A girl should be a tomboy during the tomboy age and the more of a tomboy she is, the better,” wrote Joseph Lee, the father of the playground movement, in 1915. Charlotte Perkins Gilman, the feminist activist best known for her short story “The Yellow Wallpaper,” echoed this idea. “The most normal girl is the ‘tom-boy’ — whose numbers increase among us in these wiser days, — a healthy young creature, who is human through and through.”
The turn of the 20th century was a progressive era, and Americans were not merely coming around to the idea of tomboys?—?child rearing experts, cultural critics, and writers were in fact championing the benefits of tomboy-ism. But while the loosening of gender strictures seemed to signal the dawn of a more egalitarian age, society’s evolving acceptance of tomboys didn’t merely spring from concern for the wellbeing of women in their own right.

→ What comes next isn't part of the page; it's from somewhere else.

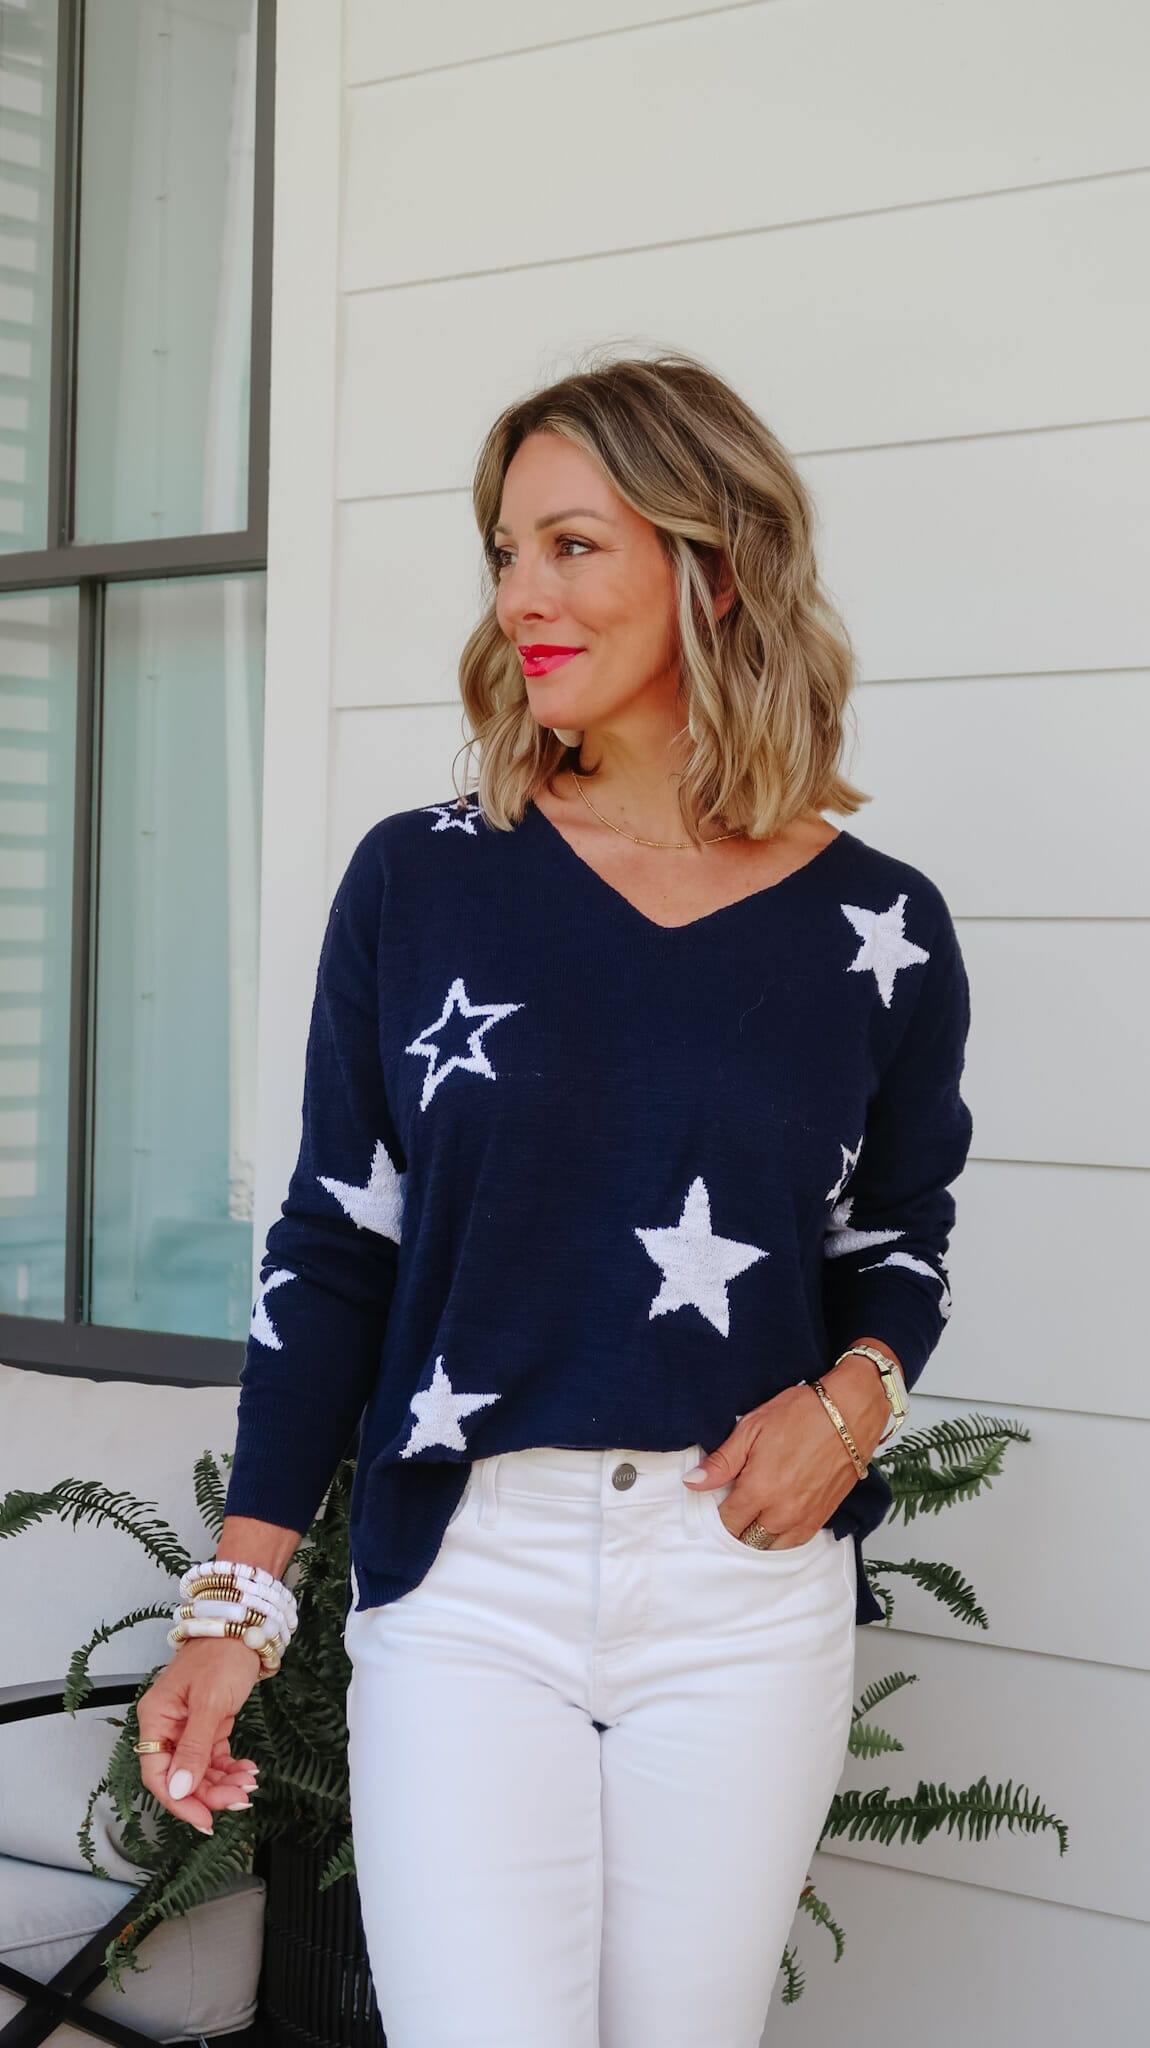 4th of July Outfits from Amazon & More (Plus My New Short Hair)
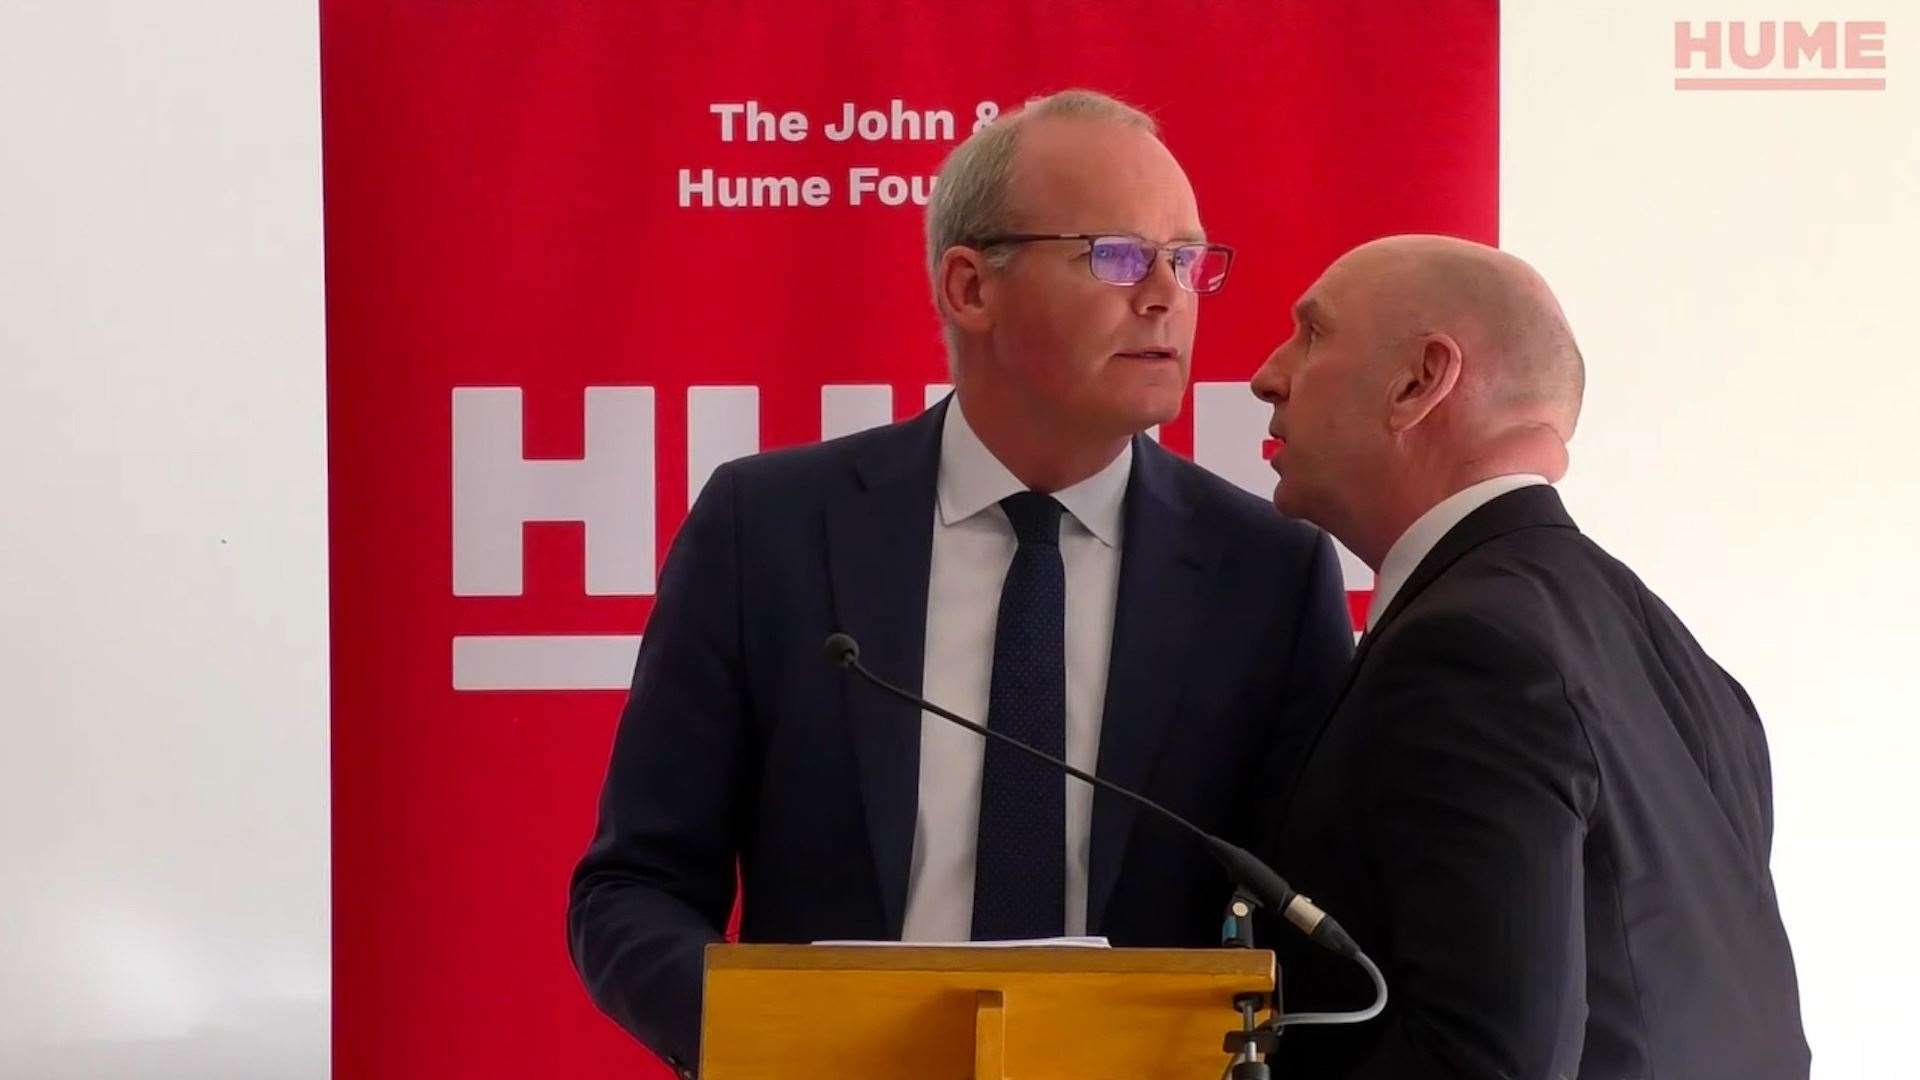 Simon Coveney is ushered from the room due to a security alert in Belfast (Hume Foundation/PA)

“The angel in the house,” the ideal upper middle class mother, was mild and subservient, rarely outdoors, and tightly bound in a corset. The languorous look of the consumption patient was considered attractive, but this aesthetic of frailty was literally killing them. Where the wealthy Anglo-Saxon American woman was at risk, so was the white race, since a dead white woman cannot bear children. With increasing numbers of Japanese, Chinese, Eastern and Southern European immigrants pouring over the borders, upper middle-class anxiety was high. As Ohio State University historian Michelle Ann Abate writes, “In this way, tomboyism was more than simply a new childrearing practice or gender expression for the nation’s adolescent girls; it was a eugenic practice or, at least, a means to help ensure white racial supremacy.”
Gilman’s advocacy for tomboy-ism and female physical fitness was part and parcel of her nativism. She was alarmed by the increasing number of “degenerate” immigrants coming to “pollute” the American citizenry. A proponent of female physical fitness after being raised by an invalid mother, she practiced rigorous exercise routines: running, weightlifting, rope climbing, vaulting, and jumping. At the height of her career, she was advocating for female economic independence, female physical fitness, women’s participation in the public sphere, and stricter immigration laws. Her 1923 essay “Is America too Hospitable?” voiced anxieties about races mixing. “If you put into a melting pot promiscuous shovelfuls of anything that comes handy you do not get anything out of it of value,” she argued.